Write a Tokio 0.2 decoder for a TCP stream and push its events to Apache Kafka
Michael van Niekerk
Posted on April 4, 2020
What we'll be making
We'll be listening to a port. This port is streaming out some XML events. Only caveat is is that it is first padded (sometimes) with a 32bit number to tell you how much bytes are on its way.
Now, we'll be parsing this stream of events and make it fit into our model. After converting these events into JSON we'll push it onto an Apache Kafka stream. As an added bonus these Kafka messages will be mimicking the messages generated by Spring Cloud Stream.

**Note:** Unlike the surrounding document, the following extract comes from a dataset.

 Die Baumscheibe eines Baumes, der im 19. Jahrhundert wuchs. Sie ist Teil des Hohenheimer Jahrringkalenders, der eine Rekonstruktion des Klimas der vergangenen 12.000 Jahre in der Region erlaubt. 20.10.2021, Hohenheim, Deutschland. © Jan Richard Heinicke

We'll be using futures and async code for most of the time.
Some dependencies
Over to your Cargo.toml file, add the following
[dependencies]
futures = "0.3.4"
# Bytes - we'll be using them
bytes = "0.5.4"
# Pull in the tokio framework
tokio = { version = "0.2.15", features = ["full"] }
# Using this to make the tokio codec
tokio-util = { version = "0.3.1", features = ["codec"] }
# Serde is a framework for serializing and deserializing Rust data structures efficiently and generically.
serde_derive = "1.0.105"
serde = "1.0.105"
# Derive JSON from your data
serde_json = "1.0.50"
# We'll be adding UUIDs to our Kafka messages
uuid = { version = "0.8.1", features = ["v4"] }
# Rust bindings for Apache Kafka
rdkafka = { version = "0.23", features = ["cmake-build"] }
A quick cargo build
will show you how bad everything is going to blow up in your face. The rdkafka crate is a beast. It compiles the C client library statically (or dynamically), links to it and its dependencies statically. That is, of course, if you've got everything installed. Best head over to https://github.com/fede1024/rust-rdkafka to check what you'll need.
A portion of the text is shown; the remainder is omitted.